» Exercise description:
Among the entries below, which lines run from the line with "hur långt slår man med golfklubbor" through the line with "取り付け戦闘遠近法SUPVO"? Retype those, both ends included, exactly and without pictures.

» Listed entries:
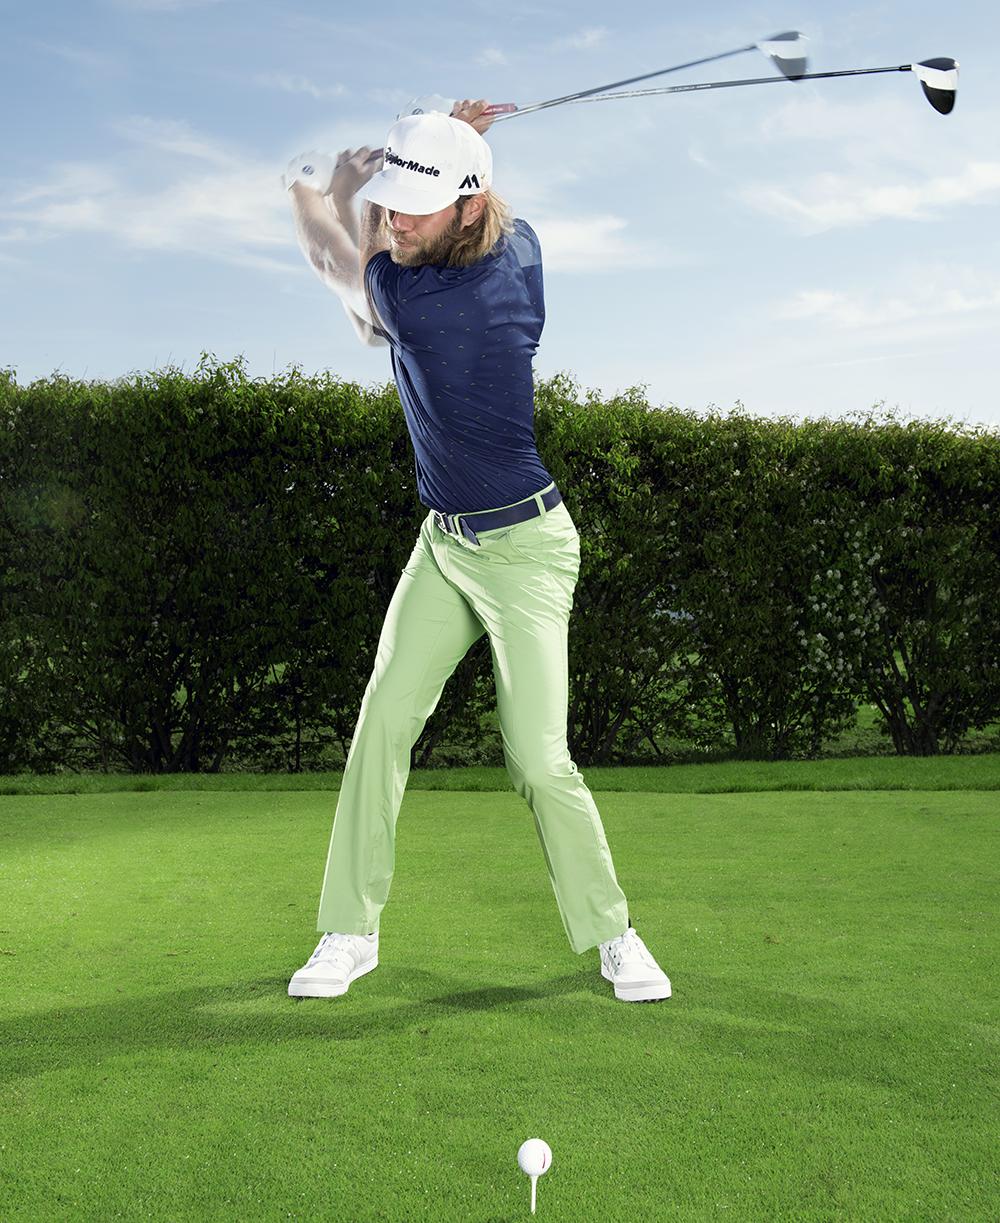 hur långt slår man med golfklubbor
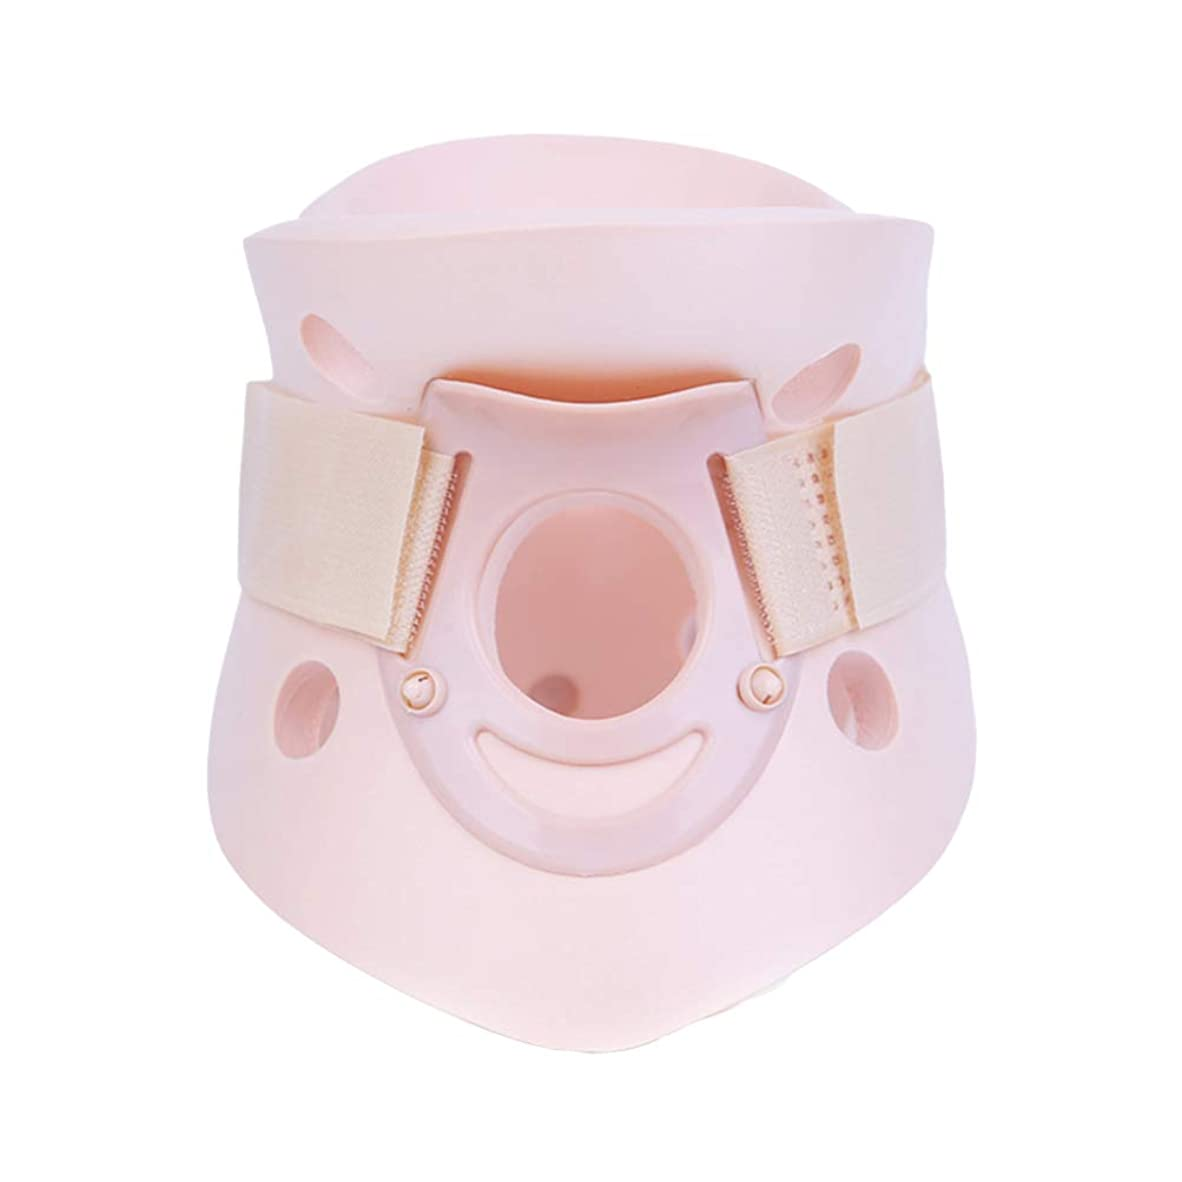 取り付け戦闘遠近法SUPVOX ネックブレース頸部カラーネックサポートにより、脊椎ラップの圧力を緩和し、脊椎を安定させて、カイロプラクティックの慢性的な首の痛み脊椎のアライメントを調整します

...

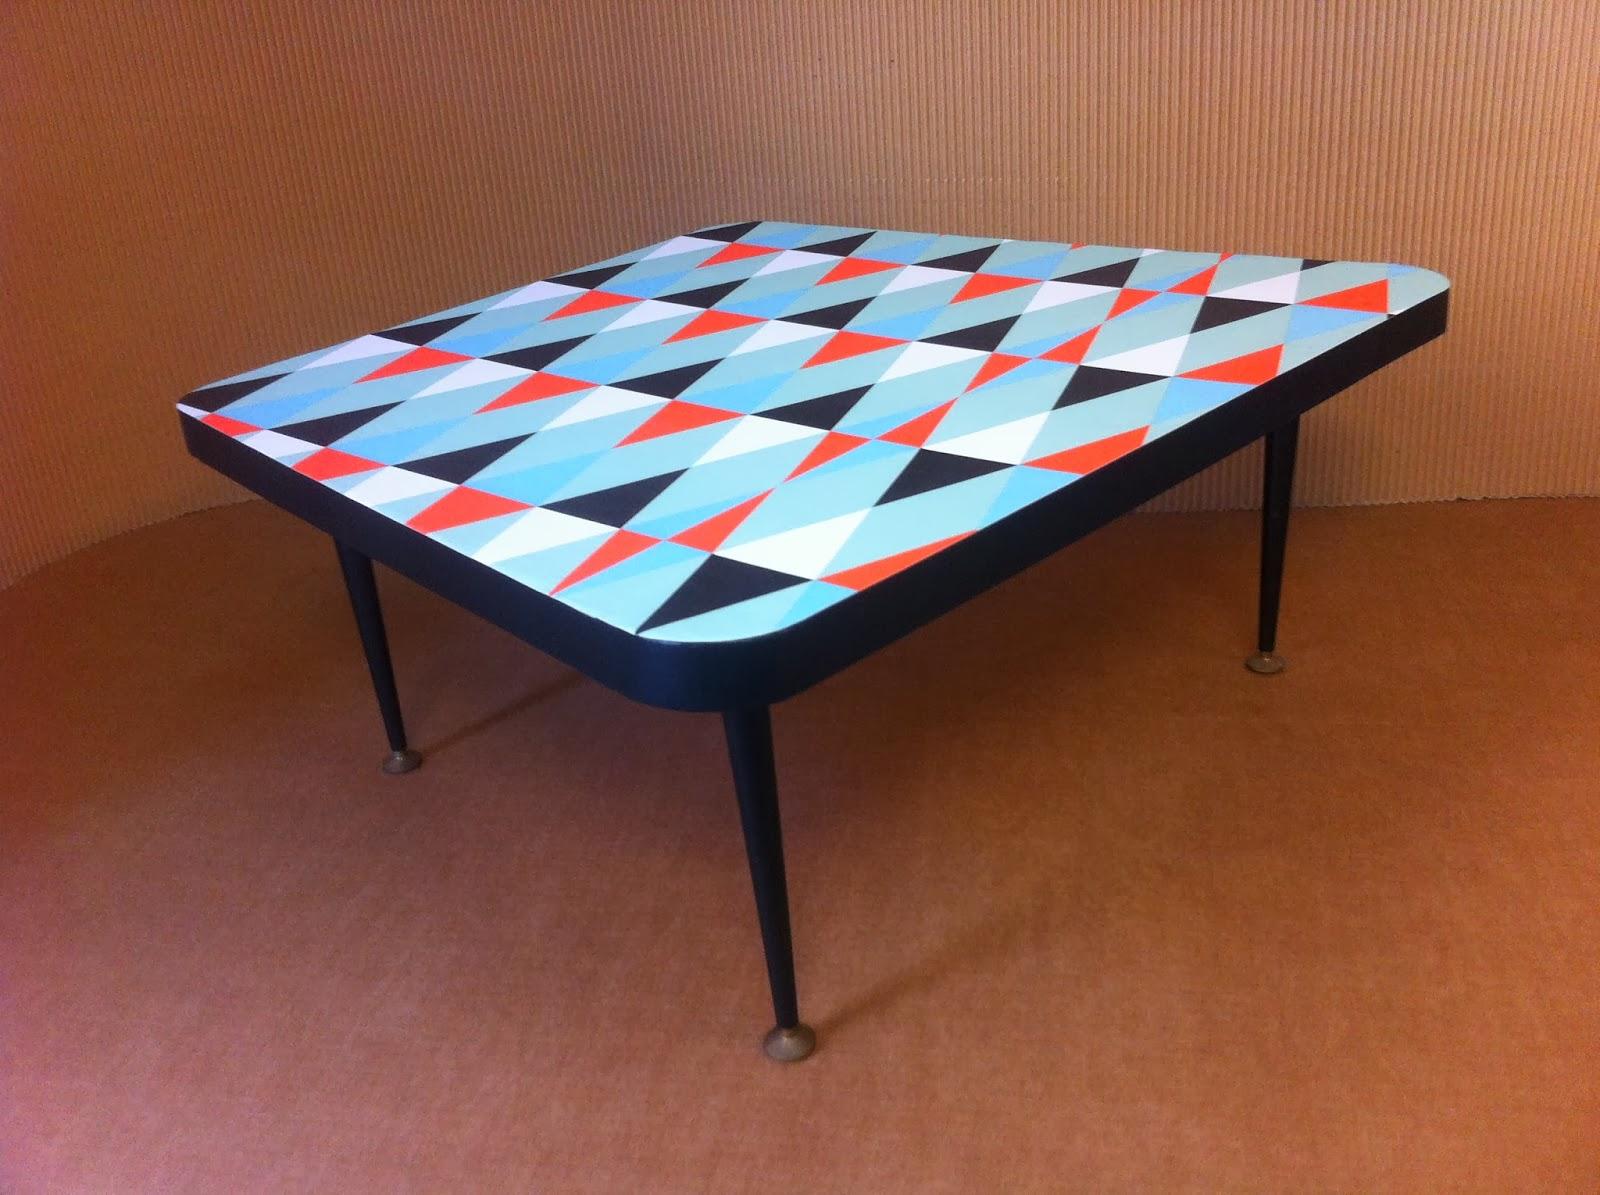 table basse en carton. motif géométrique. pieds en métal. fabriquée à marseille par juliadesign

» Task response:
 hur långt slår man med golfklubbor
 取り付け戦闘遠近法SUPVOX ネックブレース頸部カラーネックサポートにより、脊椎ラップの圧力を緩和し、脊椎を安定させて、カイロプラクティックの慢性的な首の痛み脊椎のアライメントを調整します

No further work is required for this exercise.